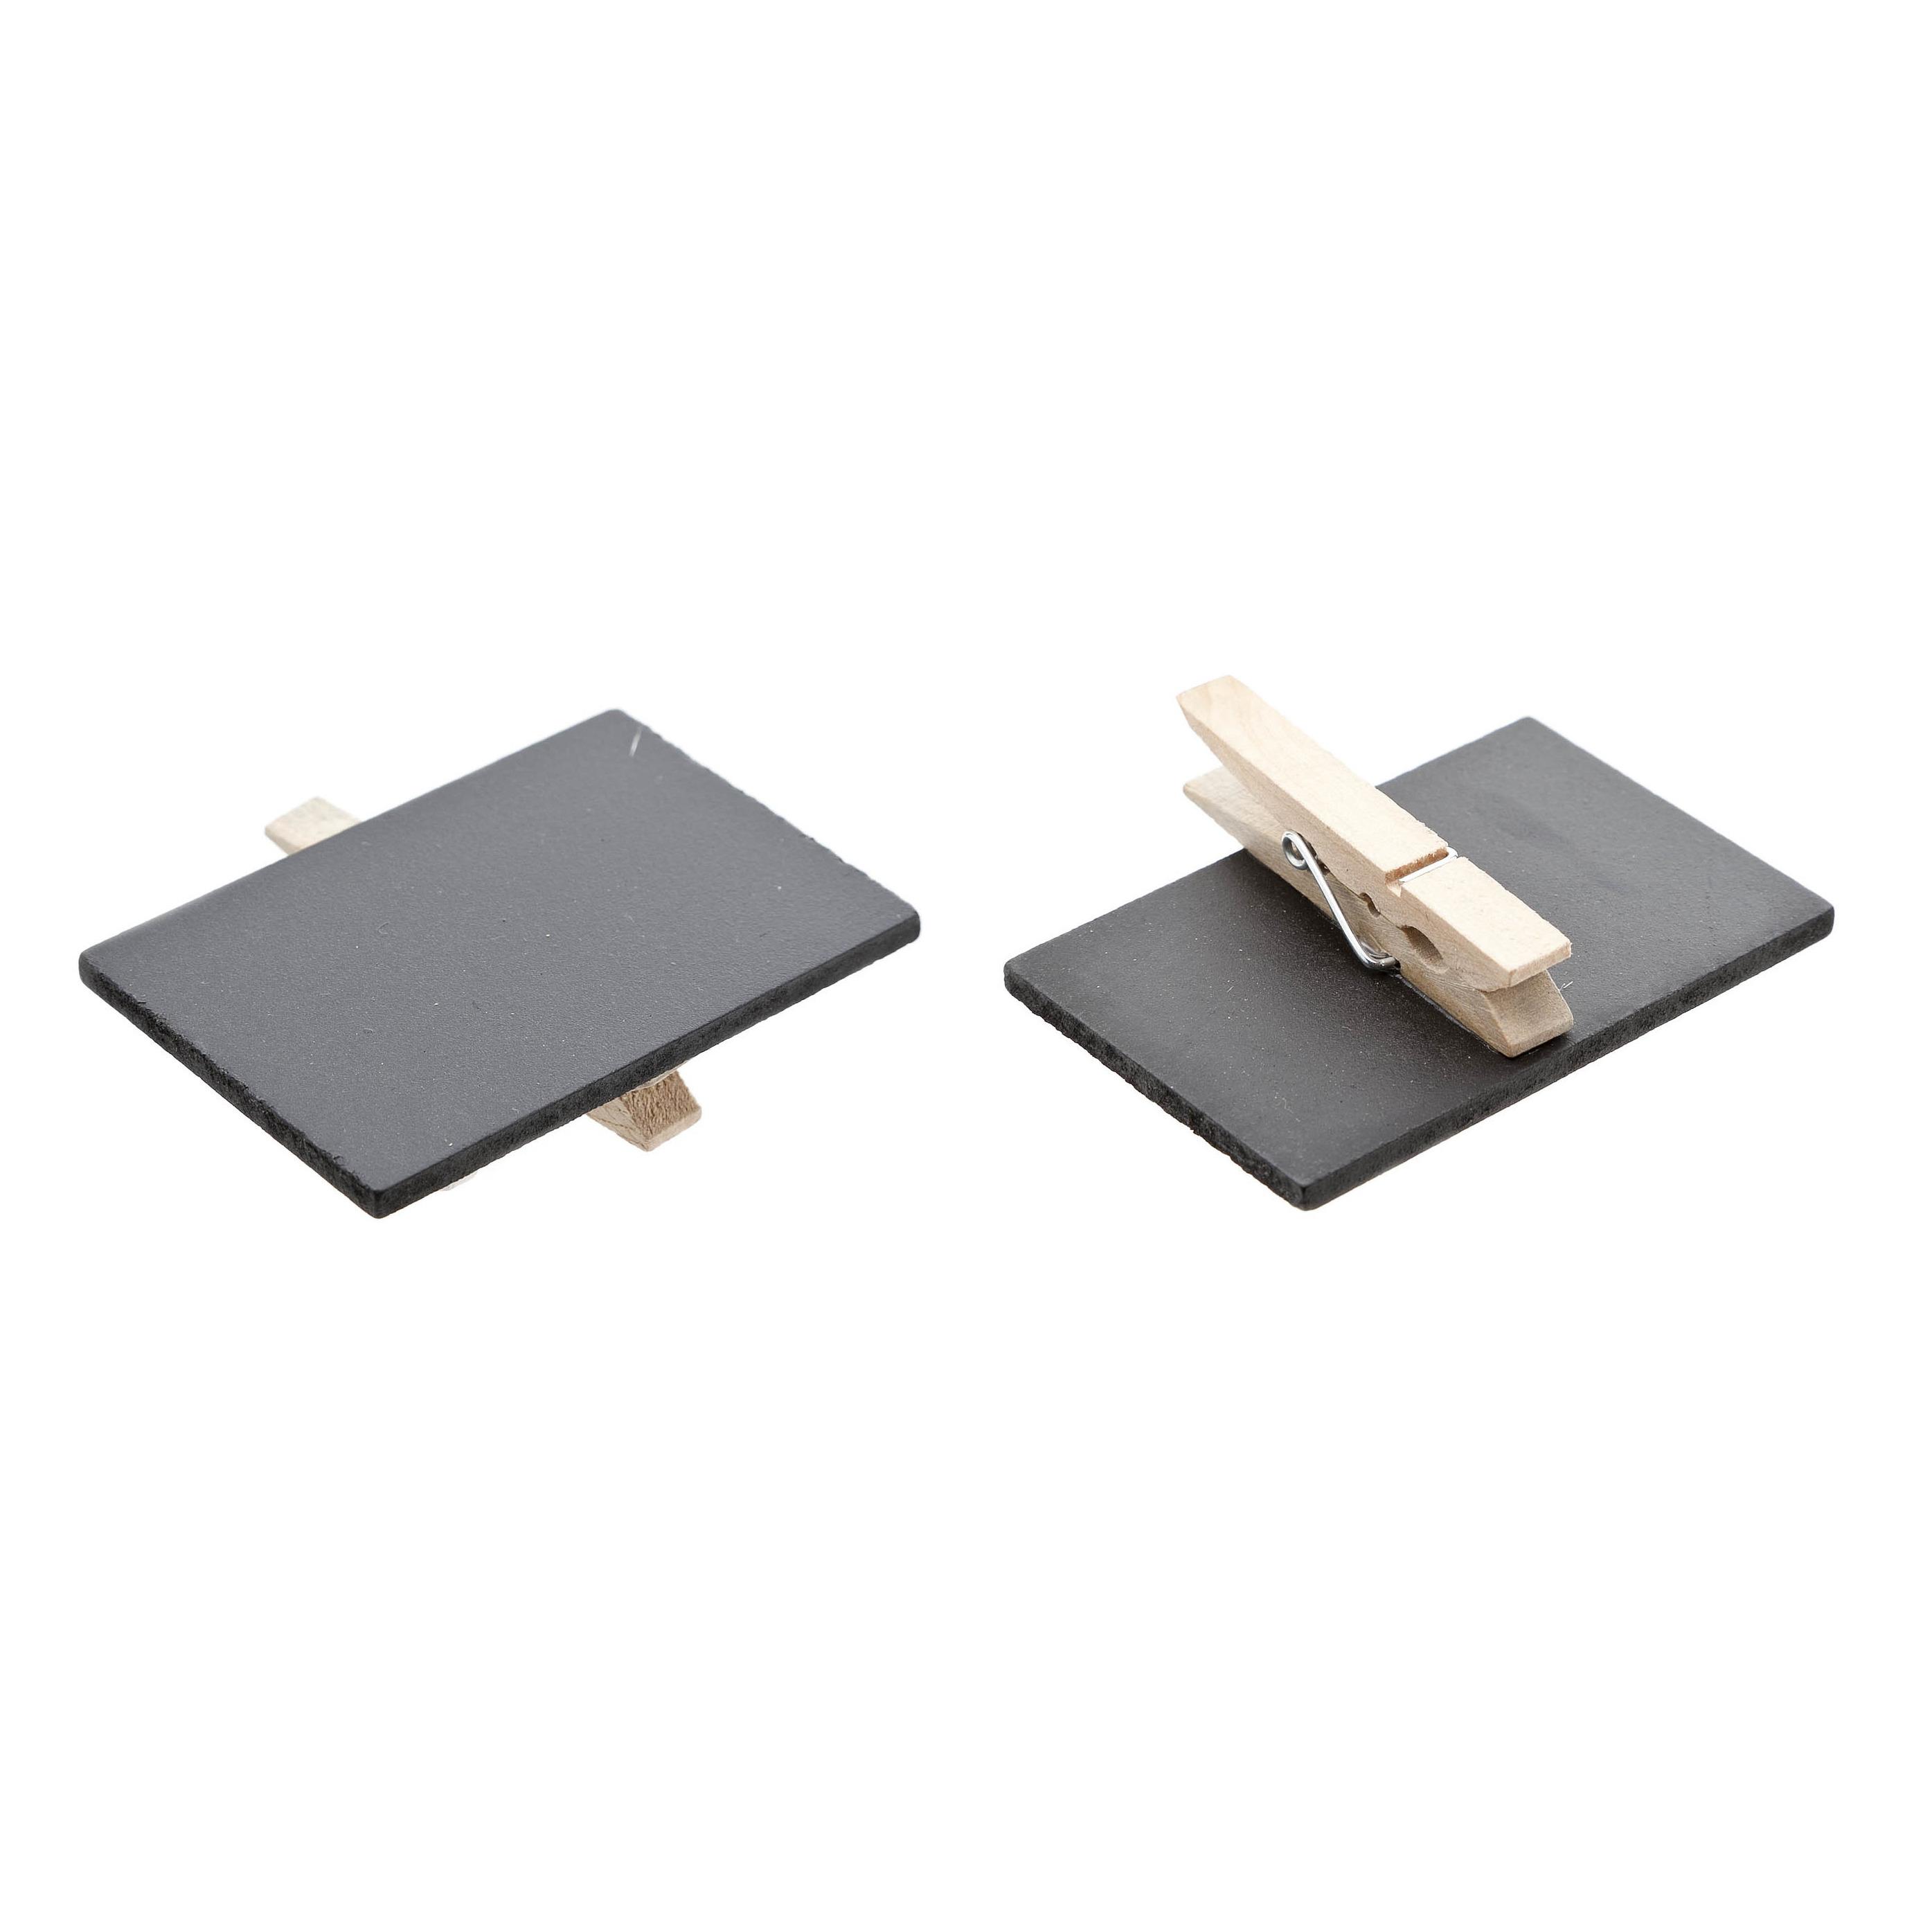 Set van 6x stuks memo krijtbordjes op houten knijper 6 x 4 cm -
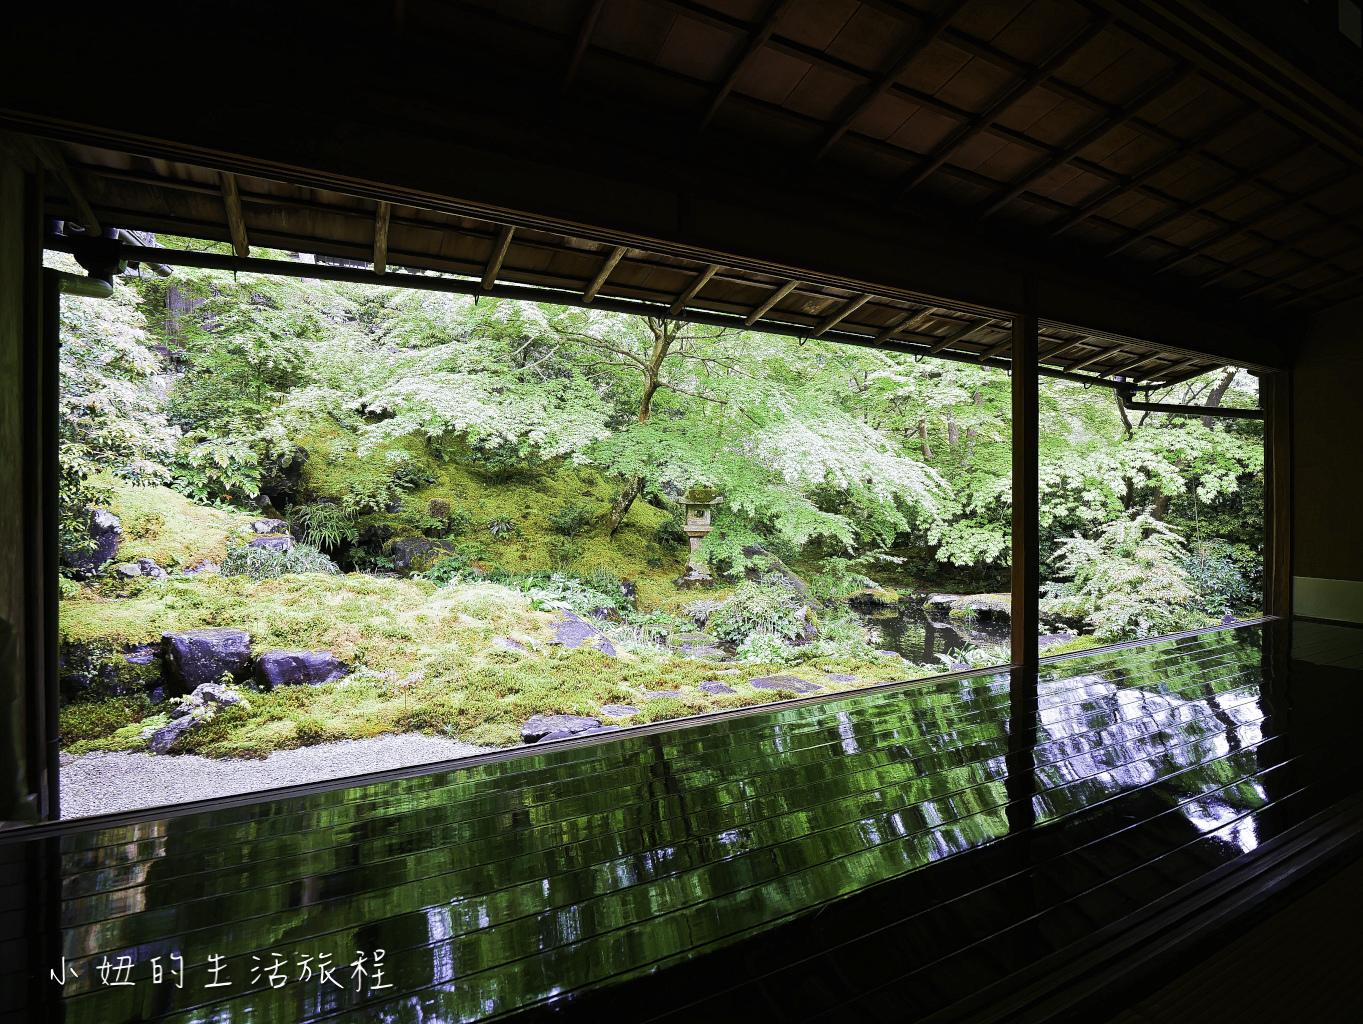 京都、大阪觀光乘車券(鞍馬&貴船地區擴大版)-58.jpg
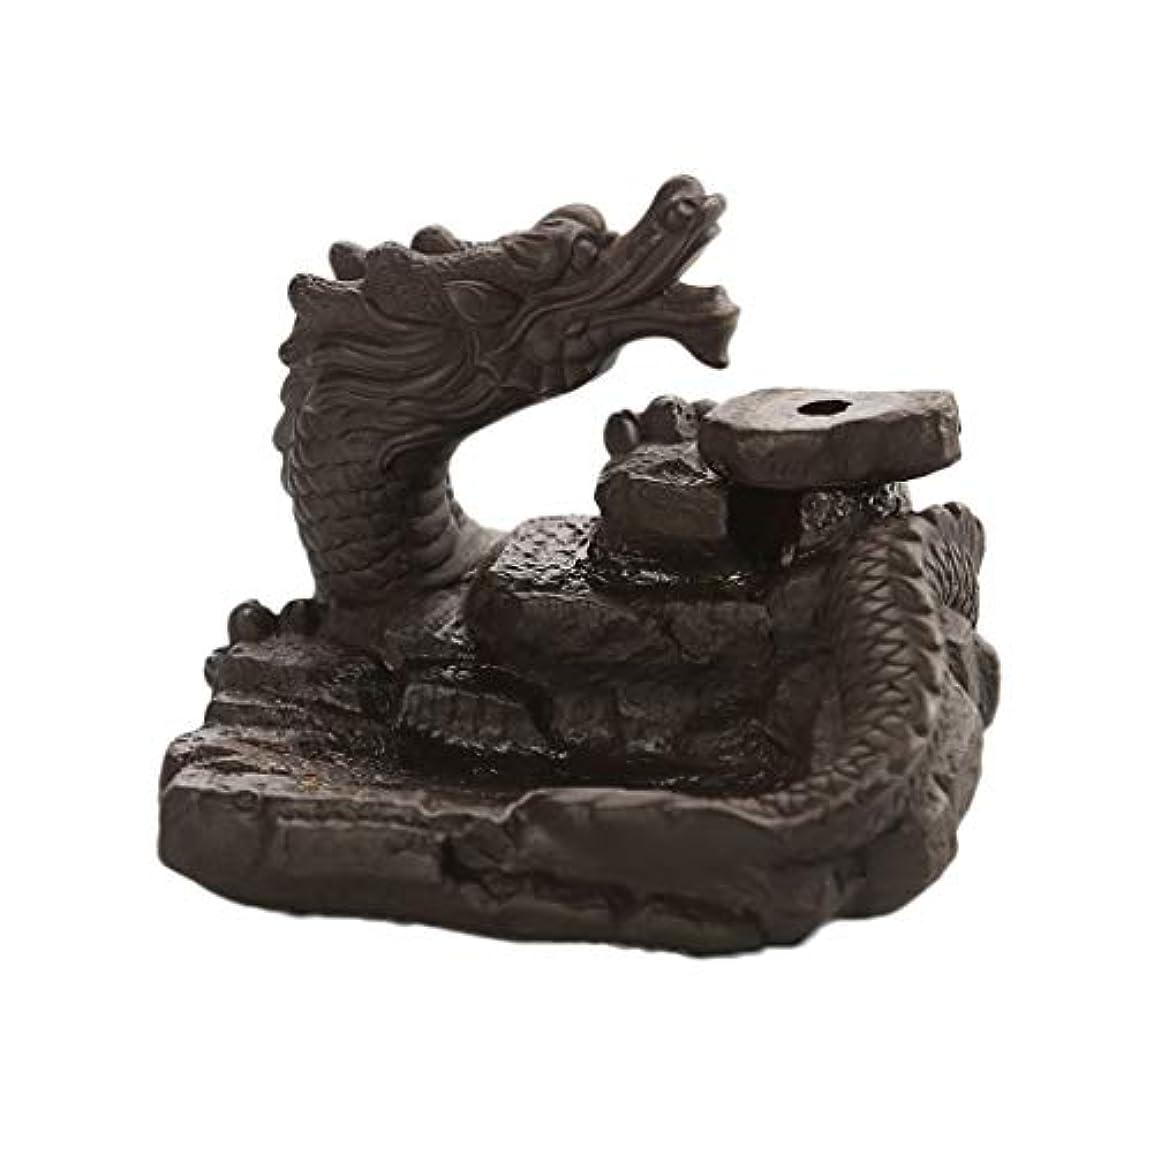 芳香器?アロマバーナー ドラゴンの逆流の香炉の陶磁器のホールダーの黒ドラゴンの逆流の香炉の香炉の陶磁器のホールダー 芳香器?アロマバーナー

* Your objective: Copy out the data above exactly, except the pictures.

* Your response:
 Set van 6x stuks memo krijtbordjes op houten knijper 6 x 4 cm -
 京都、大阪觀光乘車券(鞍馬&貴船地區擴大版)-58.jpg
 芳香器?アロマバーナー ドラゴンの逆流の香炉の陶磁器のホールダーの黒ドラゴンの逆流の香炉の香炉の陶磁器のホールダー 芳香器?アロマバーナー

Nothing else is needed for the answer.